Полуденный бес
Шрифт:
– Сходи! – обрадовался отец Тихон. – Как раз к началу успеешь!
– И я с тобой! – крикнула Ася, выскакивая из кухни в переднике.
– И ты сходи, – разрешил старец. – Ты девочка крещеная, тебе сам Бог велит.
– Откуда вы знаете?
– Крестик твой ночью подсмотрел. Только напрасно ты его в кармане носишь и на ночь в кулачке сжимаешь. Крестик на груди носить положено.

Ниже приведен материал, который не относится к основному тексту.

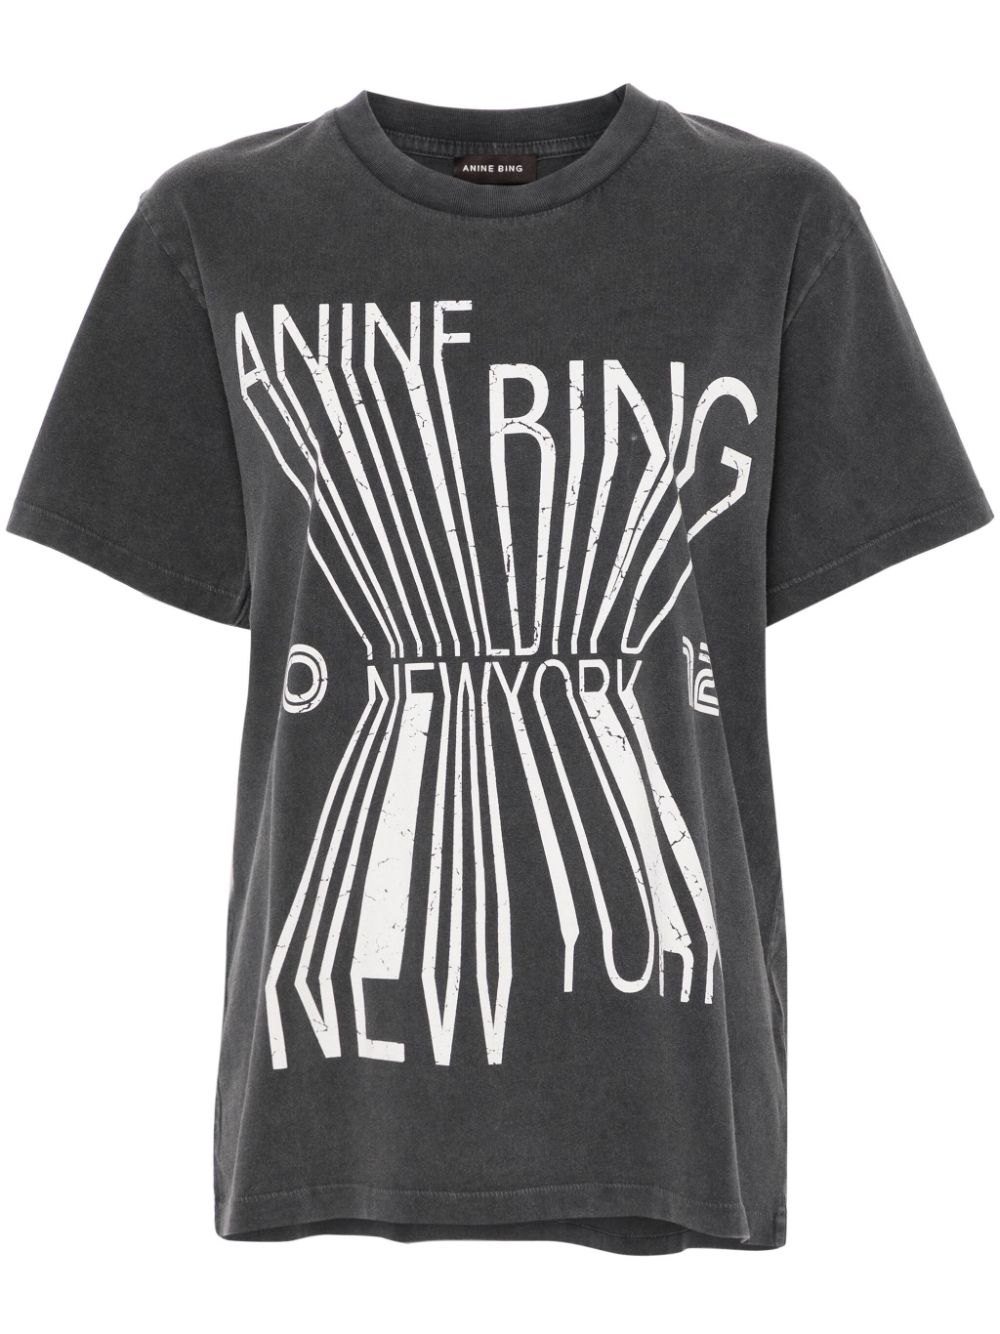 ANINE BING Colby Bing New York T-shirt - Grey von ANINE BING
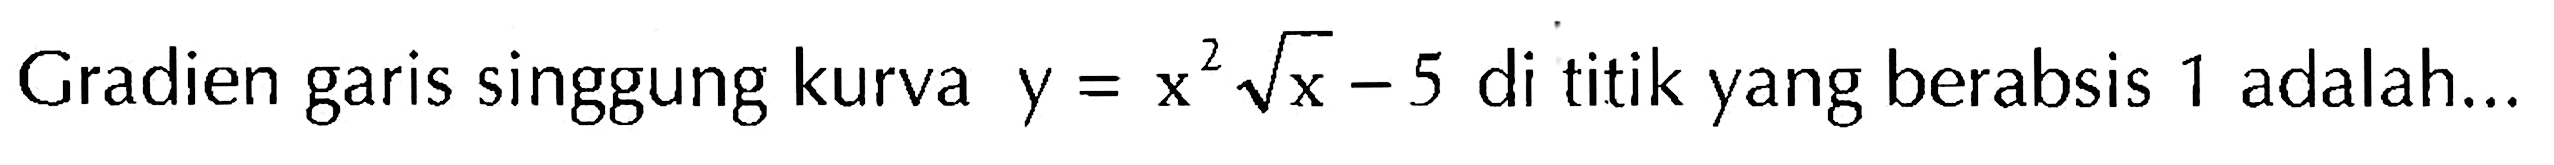 Gradien garis singgung kurva y=x^2 akar(x)-5 di titik yang berabsis 1 adalah...

– Неужели ты тоже верующая? – спросил Джон, когда они пересекали церковную площадь. Он посмотрел на Асю и прикусил язык. Она снова преобразилась. Он и не заметил, как она повязала подаренный ей попадьей белый в горошек платок и превратилась в основательную богомолку.
В храме было сумрачно и прохладно, холоднее, чем снаружи. Остановившись в притворе, Джон и Ася с интересом смотрели на затылки богомольцев, в основном пожилых женщин и старух. Служба еще не началась.
– Приехал? – услышали они шепот.
– Приехал!
– Хорошо! Новенький, который его заменял, совсем, прости господи, бестолковый!
– Молодой еще!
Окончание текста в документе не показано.